Если в первом фазисе нашего революционного процесса речь шла о том, чтобы приобщить к власти революционно-социалистические круги, если во втором фазисе борьба велась под лозунгами «долой буржуазных министров» и «вся власть советам рабочих, солдатских и крестьянских депутатов», то теперь, когда последний лозунг практически осуществлён, борьба ведётся уже против самих советов. Кто-то из видных общественных деятелей охарактеризовал нынешний период так: «советы рабочих и солдатских депутатов борются с анархией — в этом суть совершающихся событий». Мне думается, что это — правильное определение.
Советы ещё пользуются среди широких масс авторитетом, и они являются сейчас единственными органами, имеющими авторитет. Но это уже не то, что было два-три месяца назад. Уже Петроград показал это наглядно. Он показал это 11 -го июня и снова подтвердил в кровавые июльские дни. А вести из провинции почти также красноречивы, как петроградские сообщения. Разве не пришлось силой восстанавливать в Нижнем Новгороде пошатнувшийся авторитет совета солдатских депутатов, раскассированного взбунтовавшимися эвакуированными и поддержавшим их полком? Лица, которым приходится встречаться с провинциальными деятелями, знают, что жалобы на недостаточную силу и власть советов постоянны. В Туле, в Ельце, во Владимире, в Рязани, в Липецке, в Ярославле и в десятках других городов, где были эксцессы и где их не было, — всюду жалуются на то, что власть советов, особенно советов солдатских депутатов, уже недостаточно сильна, чтобы обеспечить устойчивость порядка. Им самим уже доверяют лишь постольку, поскольку они плывут по течению и принимают все лозунги толпы. Там, где они поддерживают центральную революционную власть, они то и дело отрываются от той самой массы, из которой они вышли. Трагизм положения заключается именно в том, что органы безусловно революционные и безусловно демократические тоже начинают чувствовать, что почва колеблется под их ногами. Дальше идти некуда. Больше революция ничего не в состоянии дать. Новые уступки невозможны, и власти остаётся только удерживать государство силой на краю пропасти.

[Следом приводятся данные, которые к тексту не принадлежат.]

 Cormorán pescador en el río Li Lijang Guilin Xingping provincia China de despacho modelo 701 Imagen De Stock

В данный момент главная опасность идёт со стороны солдат. Полки, отказывающиеся отправиться на фронт, эвакуированные, заявляющие, что они поедут в действующую армию лишь тогда, когда будут переловлены в тылу «все окопавшиеся буржуи», старые солдаты, настойчиво требующие, чтобы их послали на сельскохозяйственные работы домой, — всё это — горючий материал, воспламеняющийся, когда власть начинает настаивать на выполнении своих приказов. И с того момента, когда революционно-общественные организации требуют подчинения революционным властям, они также рискуют утратить своё влияние и свою силу, ибо массы перестают видеть в них своих истинных представителей и перестают подчиняться им.

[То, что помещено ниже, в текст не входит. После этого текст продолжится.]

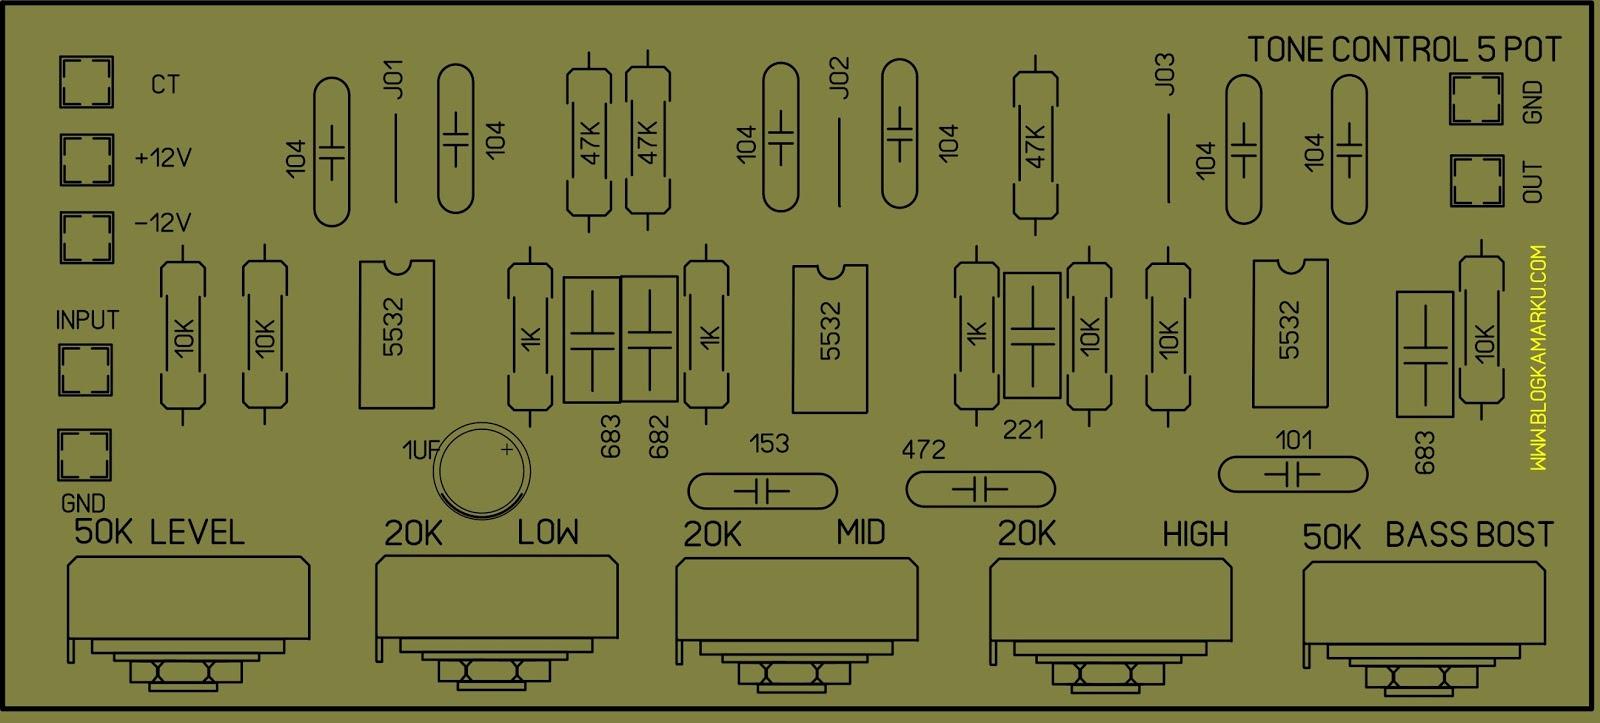 Pcb Layout Namec Tone Control Mono Modifikasi Dan Assesoris Tonecontrol 5 Potensio Dengan Bass Bost

В нашей государственной и общественной жизни исчезло психологическое звено, являющееся наиболее крепкой и надёжной социальной спайкой: это — доверие. Кому-нибудь же нужно доверять, иначе общественная жизнь невозможна. Нельзя построить государство на принципе homo homini lupus est. Если взаимное доверие исчезает даже в пределах отдельных классов и групп, если люди перестают верить своим собственным представителям, то это значит, что разрушительный процесс достиг опаснейших пределов. В Нижнем Новгороде эвакуированные кричали, что члены сед. — буржуи, которым верить нельзя. На этой грани нет уже классовой борьбы, а начинается война всех против всех. Это — не просто гражданская война, это — один из худших видов её.
В трудные дни, когда ещё и внешний враг прорвал наш фронт, не время считать ошибки и попрекать друг друга. В эти дни определённее должно быть намечено, кто по какую сторону революции, и теснее должны сплотиться те силы, которые готовы спасать государство и революционные завоевания. Гражданская война всё равно началась. В этой войне революционная власть должна либо восторжествовать, либо погибнуть. А чтобы восторжествовать, она должна прежде всего дать себе ясный отчёт, что война налицо.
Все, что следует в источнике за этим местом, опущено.